How often do you think of music when you visualize a visual work – a paint, a photograph or a mounted and framed collage? The new book of the scientist Nikki A. Greene, Grime, glitter and glass: body and sonic in contemporary black artExplore this juxtaposition, putting the visual in conversation with the sound and the tactile.
Rightly, the structure of the book follows the five main components of the composition of a song: “Prelude”, “Verse One”, “Verse Two”, “Pours Three” and “Coda”. Greene concentrates each verse on a single artist – Renée Stout, Radcliffe Bailey and María Magdalena Campos -Pons, respectively – and dissects specific works in terms of musicality and sound resonance as much as visual aesthetics.
Although the accent seems narrow, each verse does not rest with a single artist. Instead, it ambitiously presents the particular regional context of the artist of black art, music and people in general. In order to delve into Stout, for example, Greene supervises the realities of the United States in the middle of the Atlantic throughout the 20th century. For Bailey, the South American; For Campos-Pons, Cuba and the Caribbean diasporic relations with the United States. Thus, each chapter mixes mini-biographies with a socio-political history, mapping a lush and generative artistic family tree. By writing on Stout, Greene refers to Betye Saar. A large part of Campos-PonsThe chapter is dedicated to Carrie Mae Weems. Bailey's chapter is dotted with links with Romare Bearden, David Hammons, Todd Gray and director Barry Jenkins among others.
And then, of course, there is music. Complete with a Support reading listGreene maps the sound affect by connecting artistic intention to musical artists, identifying musical influences for visual work and highlighting real music in works and performances.

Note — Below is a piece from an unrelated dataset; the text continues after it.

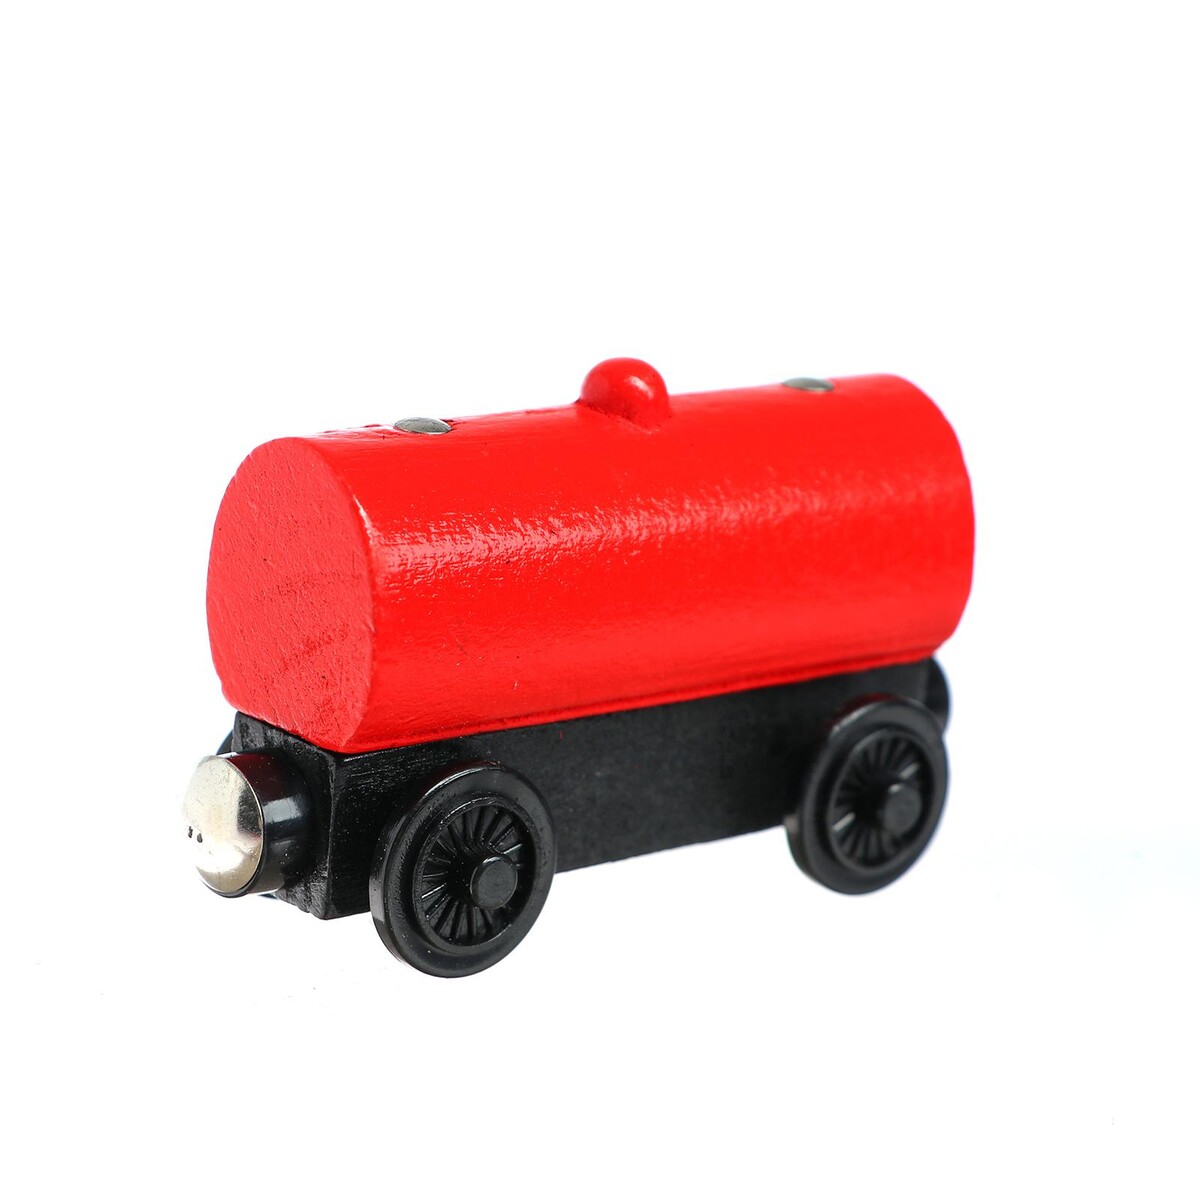 Детский вагончик для железной дороги 3,4×8,5×5,1 см политическая полиция революционеры и железные дороги в начале xx столетия

In “Verse One”, Greene compares the use by stout of the physical form and the provocation of black female sexuality in sculpture to that of funk and the pioneer of rocks Betty Davis. For the two artists, it exploits the way in which the challenge is often marked by the stigma and delayed understanding of society. “Verse Two” sees a more abstract effort to explore Bailey's mixed work in the double reality of black excellence and anti-black violence demonstrated by the South, where the late artist was based. Greene first details the video clip of Hip-Hop Group stopped “Tennessee” of Development (1992) in which Bailey appears, traces a line of the great jazz miles Davis (invoking his ex-wife aforementioned Betty) and Sun Ra. “Verse Two” feels slightly heavy and disjointed, perhaps because of Greene's efforts to describe the weight of black masculinity and the shine with which these artists fight.
More success, the “verse three” of Campos-Pons addresses the Western lack of recognition of black validity: in contributions to art, in the power and donation of black women, in the Cuba struggle for autonomy, and more. Greene brings highly sought-after compositions of the saxophonist Neil Leonard for the work of the Campos-Pons, such as the performance piece Identified (2016), connecting the points with the late Afro -Cuban singer Celia Cruz Using sugar by Celia Cruz – Sugar! – as a claim to be female, black and Afro-Caribbean power.
For all its exploits, this book is ultimately a learned work and sometimes turns into the academic language. CODA, in particular, is a perhaps too dense display of social theories and observations of Greene.
But although the style requires an additional effort from the reader, it also means that the many black names of the book – visual and musical artists – are now published forever and engraved in the increasingly interdisciplinary approaches of creative fields. Sun Ra Afrofuturism Jazz do Interact with the collage style of Romare Bearden, which in turn affects the “Pullman” scintillating heart of Bailey. Exploring sound grip via funk, glitter via shine and glass via colonial stories of black contemporary art through these selected artists, Greene adds a new component to black American cultural criticism.




Grime, glitter and glass: body and sonic in contemporary black art (2024) by Nikki A. Greene is published by Duke University Press and is available online and via independent booksellers.